ASSIGNED TASK:
The reply needs the lines from the one containing "Resort-Style Pool at" through the end of the material, each repeated exactly, and no pictures.

INFORMATION SHOWN:
[Start of section]
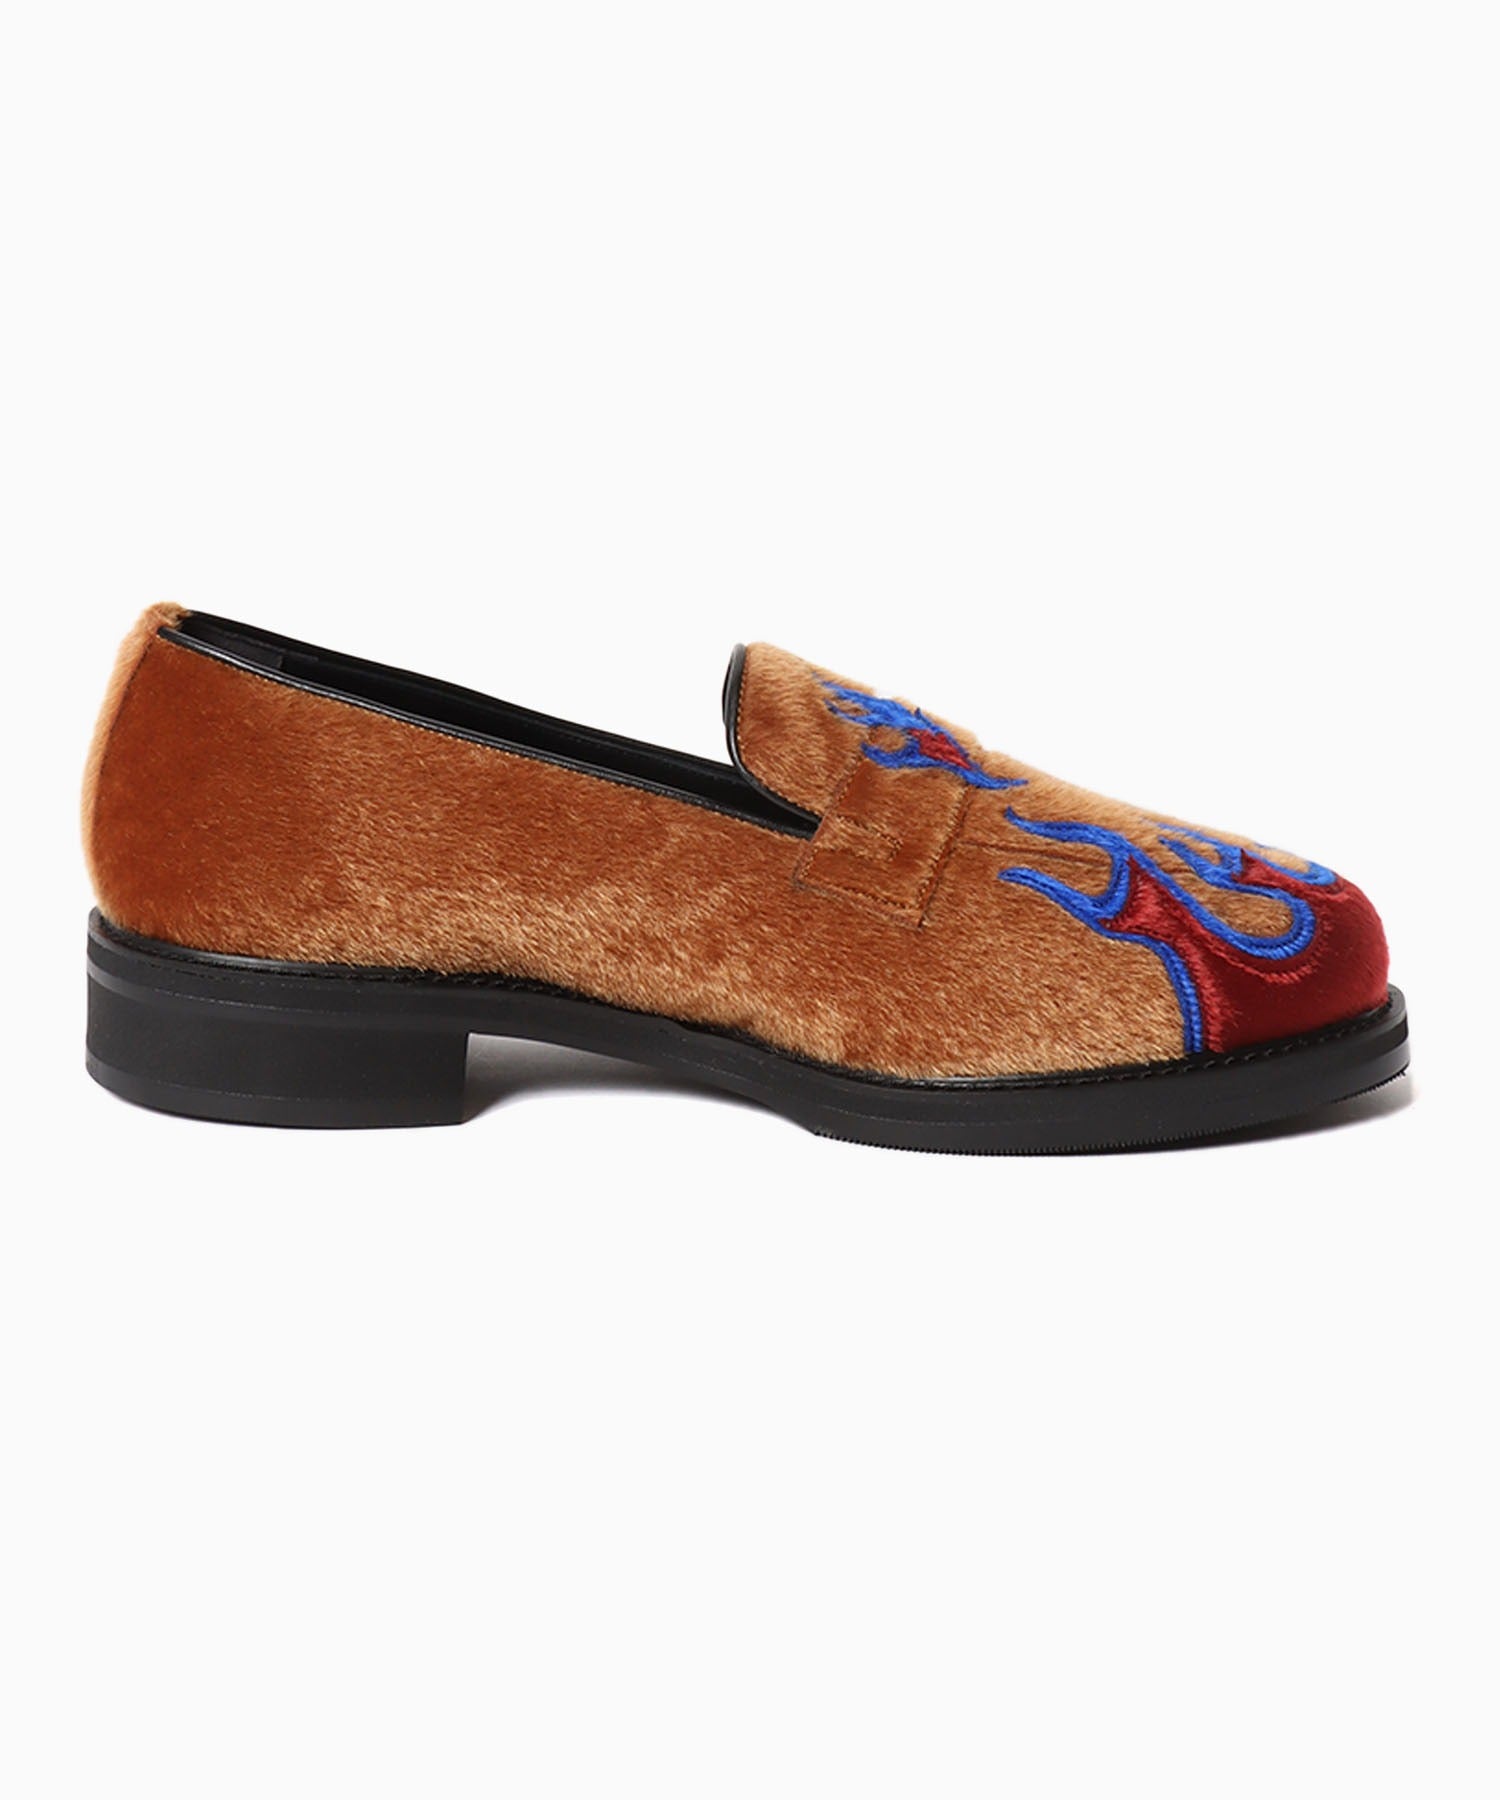 FLAME PATTERN LOAFER
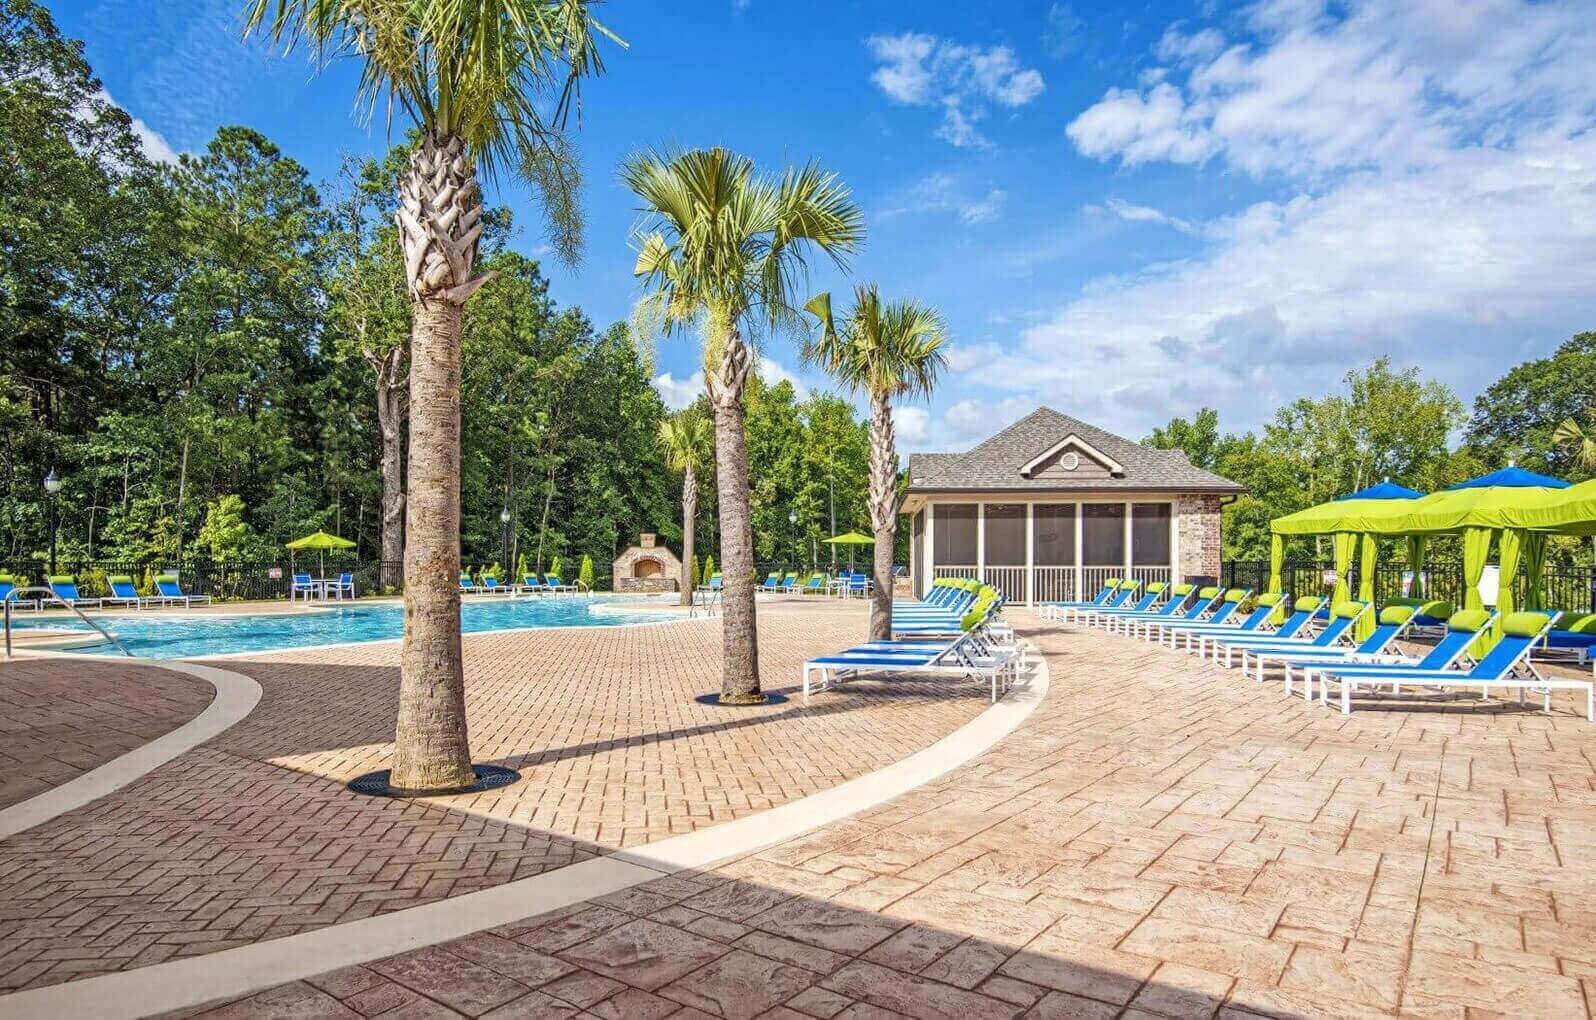 Resort-Style Pool at Bacarra Apartments, Raleigh, NC, 27606
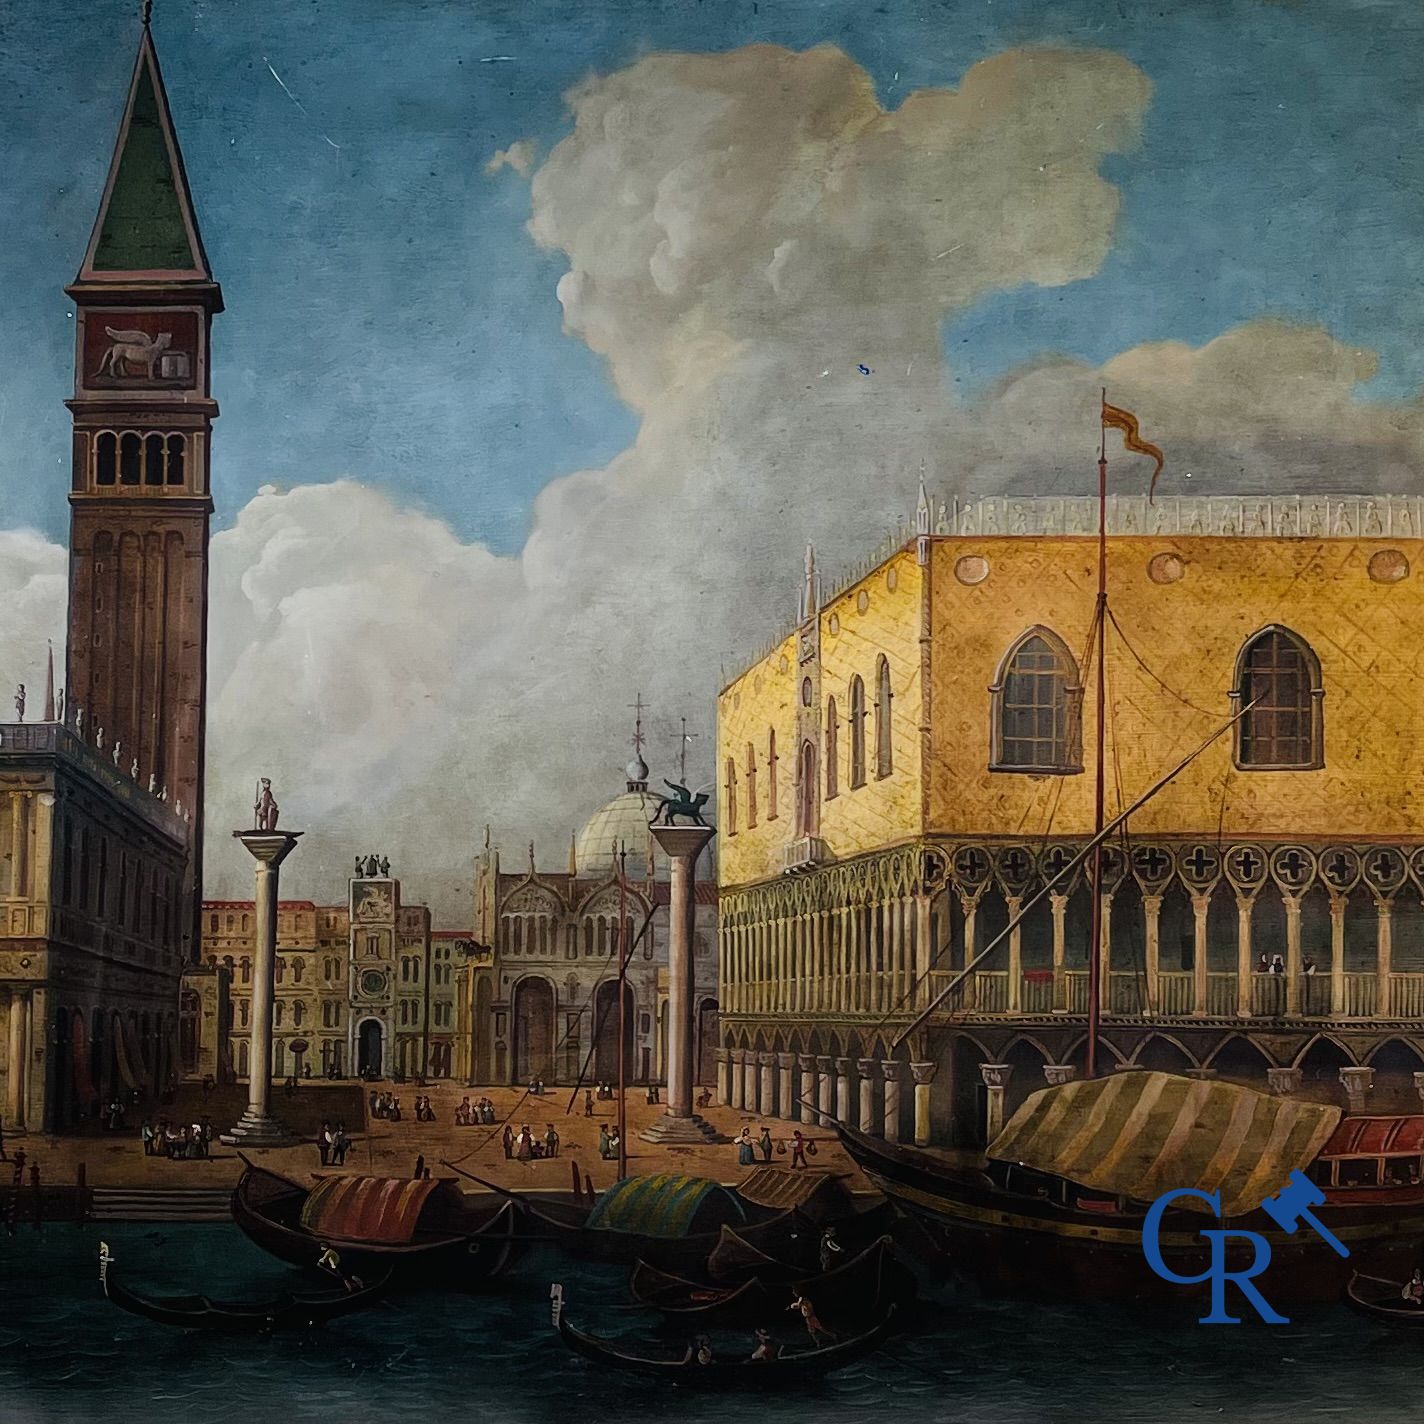 Painting: Carlo Canella (Verona 1800 - Milan 1879) View of St. Mark's Square in Venice.
[End of section]
RESPONSE TO THE TASK:
 Resort-Style Pool at Bacarra Apartments, Raleigh, NC, 27606
 Painting: Carlo Canella (Verona 1800 - Milan 1879) View of St. Mark's Square in Venice.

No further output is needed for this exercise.